• _Data entries_
*** Begin section ***

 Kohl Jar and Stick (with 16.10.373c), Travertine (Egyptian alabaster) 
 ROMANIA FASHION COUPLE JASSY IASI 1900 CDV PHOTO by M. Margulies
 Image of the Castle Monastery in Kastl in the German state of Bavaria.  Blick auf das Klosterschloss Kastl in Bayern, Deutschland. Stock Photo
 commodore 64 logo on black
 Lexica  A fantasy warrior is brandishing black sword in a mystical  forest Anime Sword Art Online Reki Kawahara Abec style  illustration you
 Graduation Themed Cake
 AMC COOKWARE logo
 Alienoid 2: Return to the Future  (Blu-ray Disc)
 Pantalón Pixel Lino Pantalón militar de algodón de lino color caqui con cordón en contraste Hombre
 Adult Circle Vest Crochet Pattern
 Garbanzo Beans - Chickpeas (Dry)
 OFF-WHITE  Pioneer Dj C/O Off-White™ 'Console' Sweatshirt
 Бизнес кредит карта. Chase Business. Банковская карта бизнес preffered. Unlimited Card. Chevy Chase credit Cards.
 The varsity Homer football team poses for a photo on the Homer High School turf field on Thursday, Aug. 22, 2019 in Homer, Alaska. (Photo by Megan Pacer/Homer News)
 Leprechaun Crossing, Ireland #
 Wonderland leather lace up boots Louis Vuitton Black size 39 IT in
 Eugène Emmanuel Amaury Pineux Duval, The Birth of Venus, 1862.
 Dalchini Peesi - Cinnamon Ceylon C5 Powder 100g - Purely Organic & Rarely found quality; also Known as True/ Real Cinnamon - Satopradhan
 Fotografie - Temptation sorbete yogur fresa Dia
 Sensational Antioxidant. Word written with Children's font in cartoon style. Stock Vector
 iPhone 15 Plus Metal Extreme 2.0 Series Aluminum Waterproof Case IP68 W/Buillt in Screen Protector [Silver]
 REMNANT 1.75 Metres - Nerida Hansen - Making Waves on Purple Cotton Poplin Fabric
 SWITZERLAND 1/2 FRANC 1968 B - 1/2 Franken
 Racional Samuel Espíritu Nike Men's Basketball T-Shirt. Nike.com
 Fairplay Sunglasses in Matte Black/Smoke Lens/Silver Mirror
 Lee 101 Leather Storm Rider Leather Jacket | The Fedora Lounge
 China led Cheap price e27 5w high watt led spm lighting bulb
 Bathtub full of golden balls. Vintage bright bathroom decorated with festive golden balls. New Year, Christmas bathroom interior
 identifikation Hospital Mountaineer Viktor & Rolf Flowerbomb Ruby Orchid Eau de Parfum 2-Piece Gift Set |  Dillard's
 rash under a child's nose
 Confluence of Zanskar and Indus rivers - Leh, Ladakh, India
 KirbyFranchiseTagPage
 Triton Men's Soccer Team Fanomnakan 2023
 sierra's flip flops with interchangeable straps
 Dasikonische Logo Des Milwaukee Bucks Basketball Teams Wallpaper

*** End section ***

• _REQUIRED WORK_
From the records above, transcribe without alteration every line from the one with "Adult Circle Vest Crochet Pattern" to the one with "Racional Samuel Espíritu", inclusive.

• _OUTPUT_
 Adult Circle Vest Crochet Pattern
 Garbanzo Beans - Chickpeas (Dry)
 OFF-WHITE  Pioneer Dj C/O Off-White™ 'Console' Sweatshirt
 Бизнес кредит карта. Chase Business. Банковская карта бизнес preffered. Unlimited Card. Chevy Chase credit Cards.
 The varsity Homer football team poses for a photo on the Homer High School turf field on Thursday, Aug. 22, 2019 in Homer, Alaska. (Photo by Megan Pacer/Homer News)
 Leprechaun Crossing, Ireland #
 Wonderland leather lace up boots Louis Vuitton Black size 39 IT in
 Eugène Emmanuel Amaury Pineux Duval, The Birth of Venus, 1862.
 Dalchini Peesi - Cinnamon Ceylon C5 Powder 100g - Purely Organic & Rarely found quality; also Known as True/ Real Cinnamon - Satopradhan
 Fotografie - Temptation sorbete yogur fresa Dia
 Sensational Antioxidant. Word written with Children's font in cartoon style. Stock Vector
 iPhone 15 Plus Metal Extreme 2.0 Series Aluminum Waterproof Case IP68 W/Buillt in Screen Protector [Silver]
 REMNANT 1.75 Metres - Nerida Hansen - Making Waves on Purple Cotton Poplin Fabric
 SWITZERLAND 1/2 FRANC 1968 B - 1/2 Franken
 Racional Samuel Espíritu Nike Men's Basketball T-Shirt. Nike.com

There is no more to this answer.